> Instructions for the task
Print the data exactly. Pictures stay out.

> Supplied material

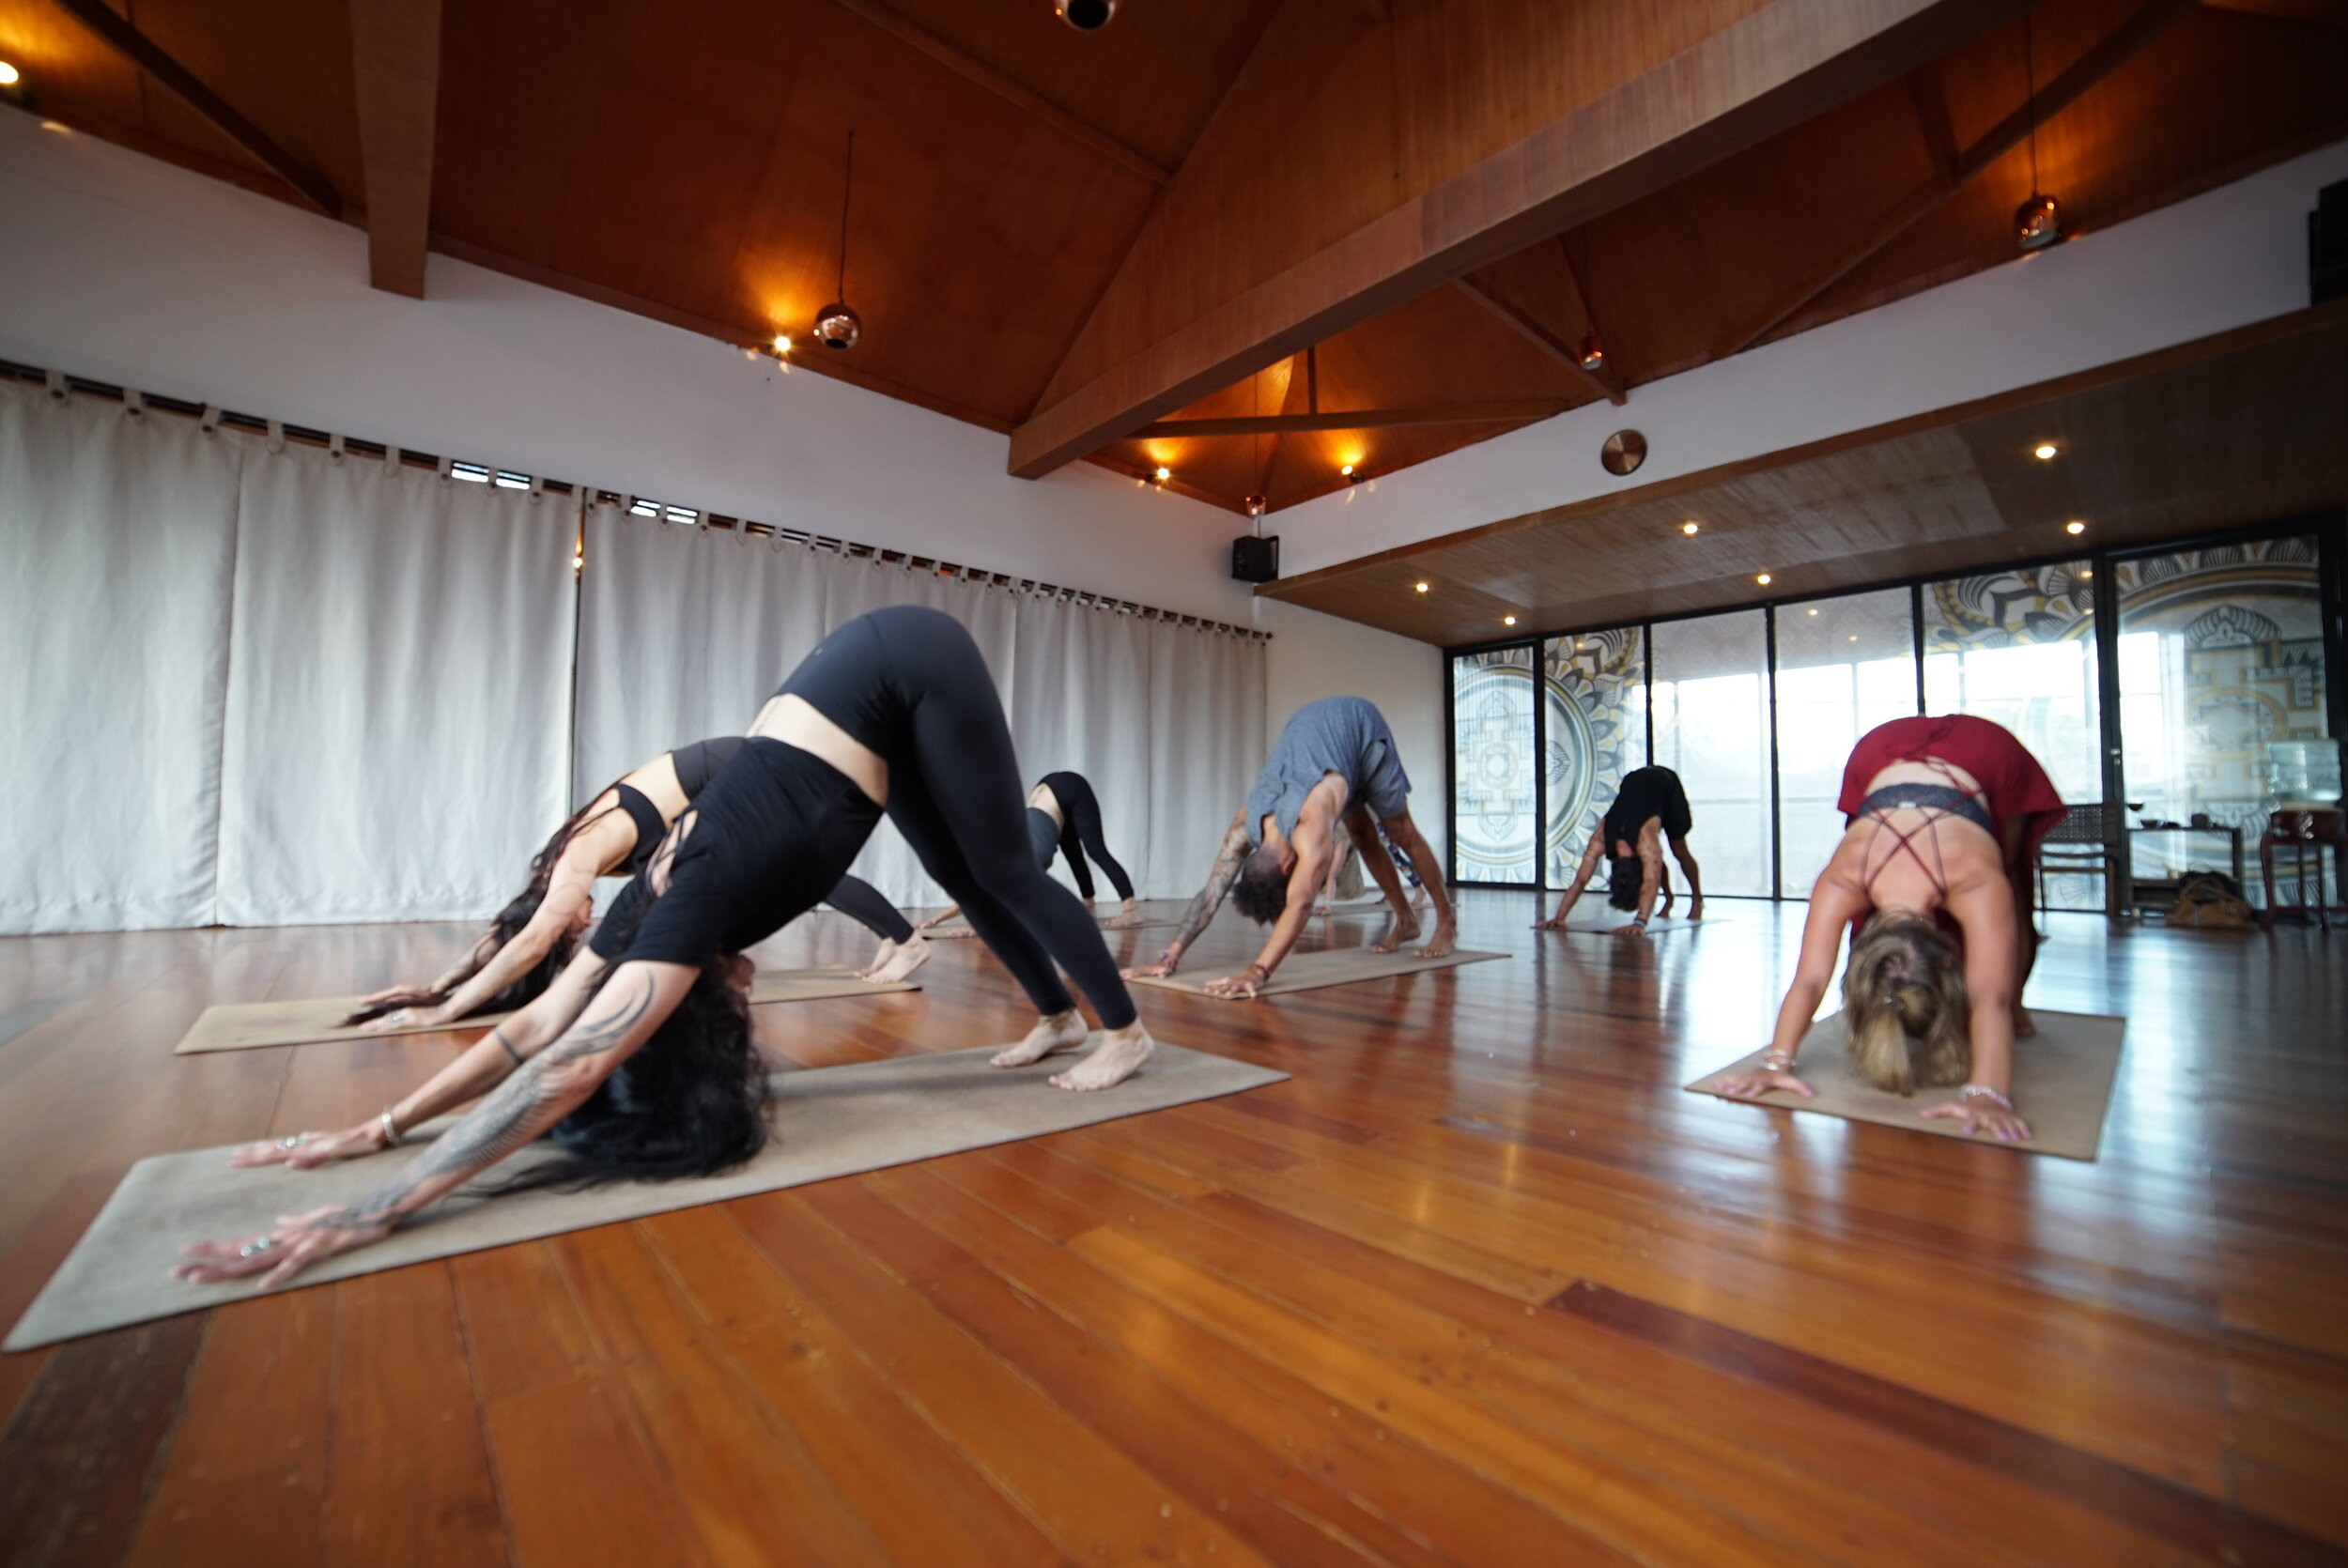 2019_05_04_Karma_House_Yoga_A7sii_89.JPG
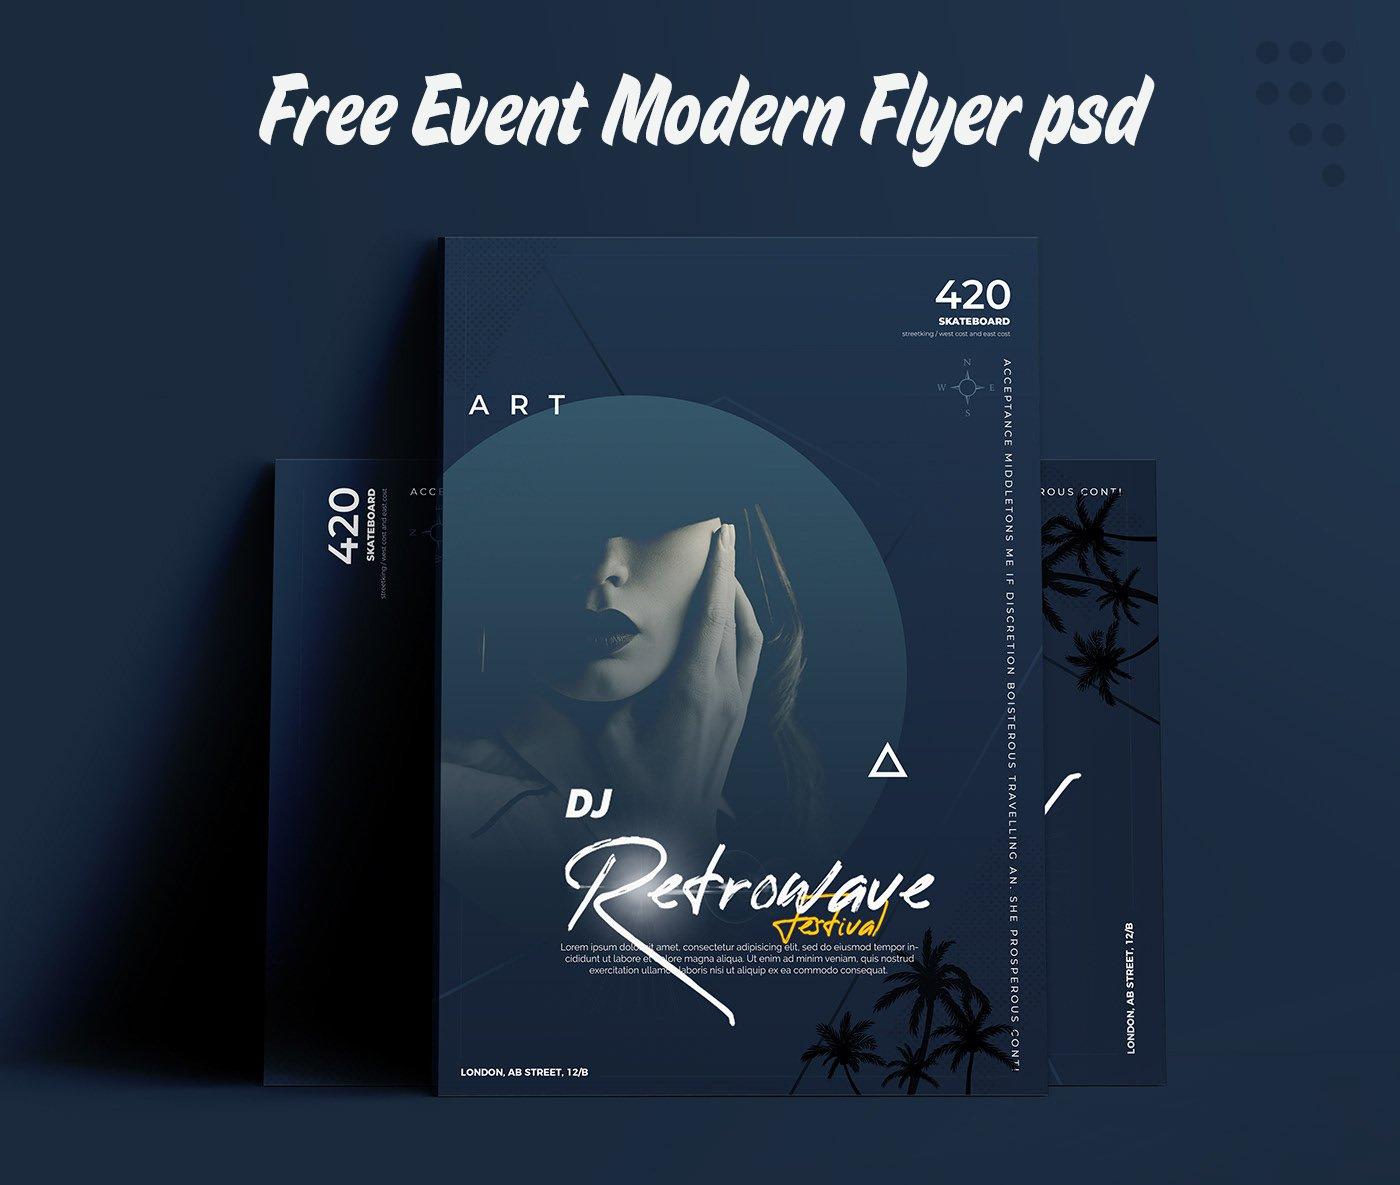 Free Event Modern Flyer скачать
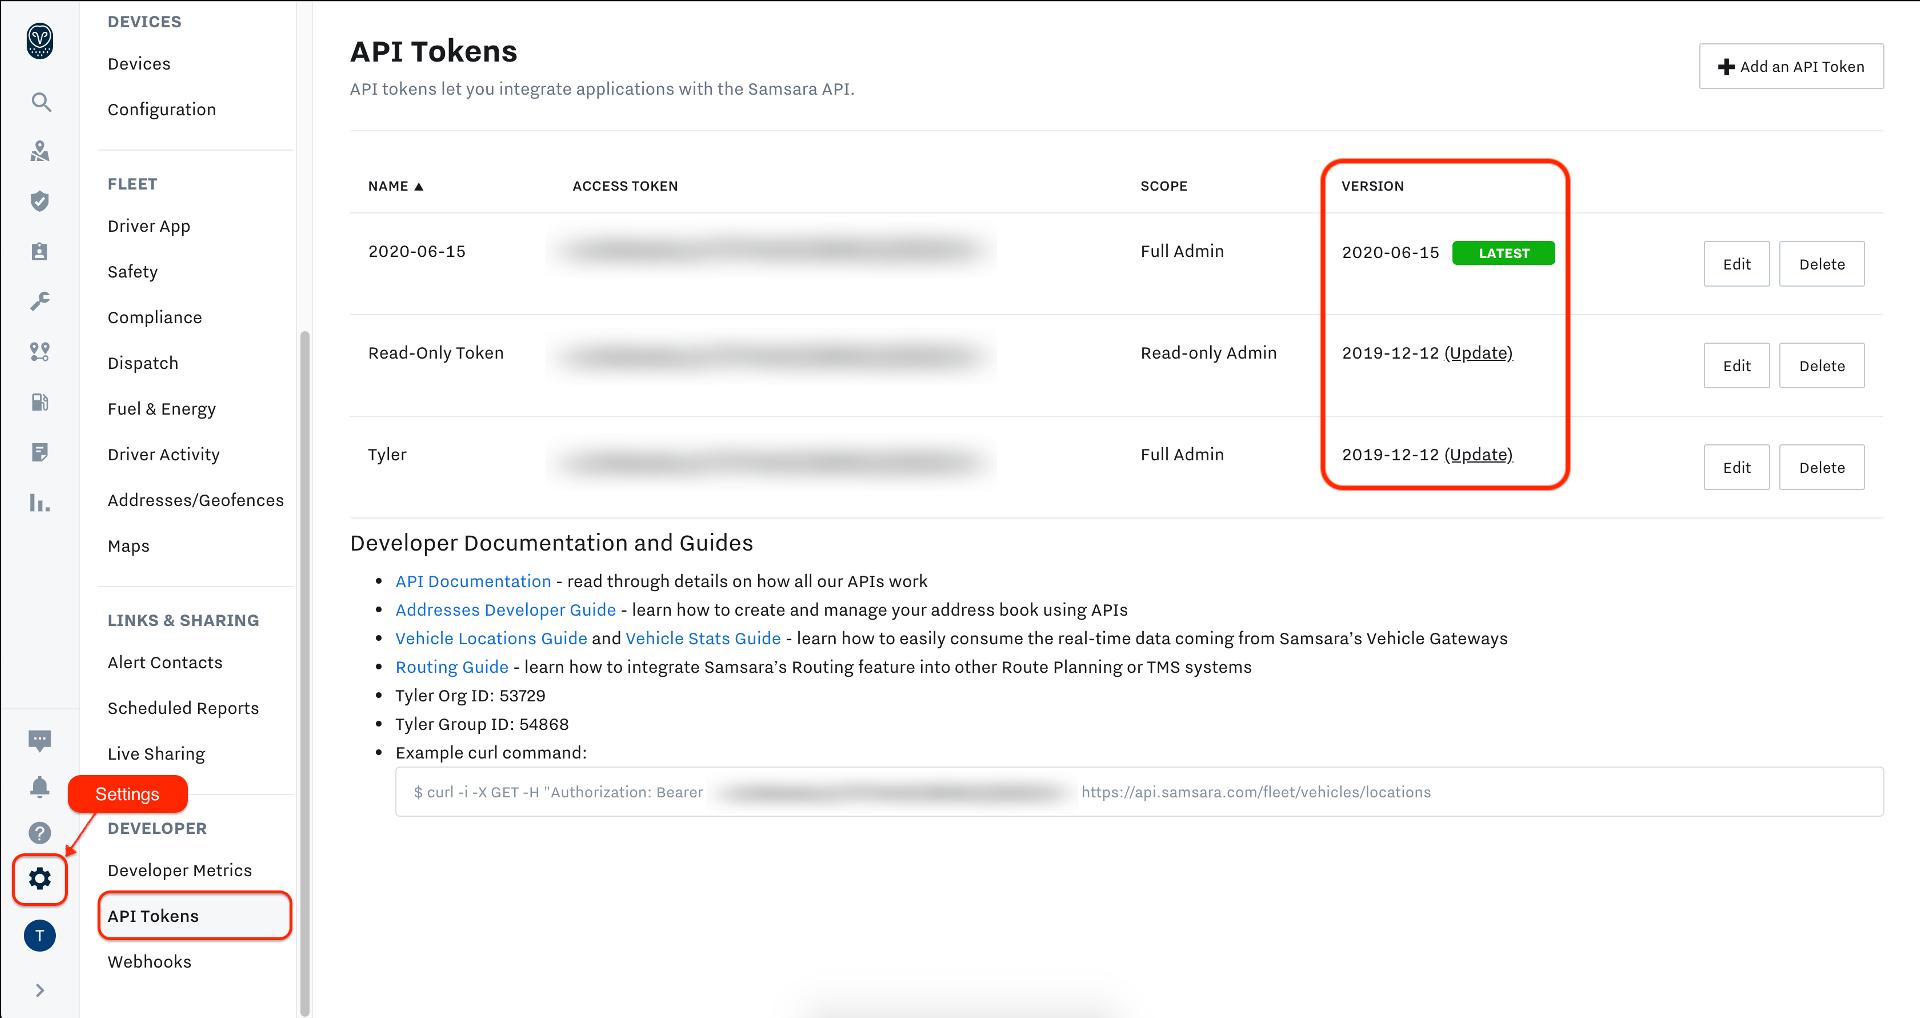 Cloud Dashboard -> Settings -> API Tokens

> Answer section
 2019_05_04_Karma_House_Yoga_A7sii_89.JPG
 Free Event Modern Flyer скачать
 Cloud Dashboard -> Settings -> API Tokens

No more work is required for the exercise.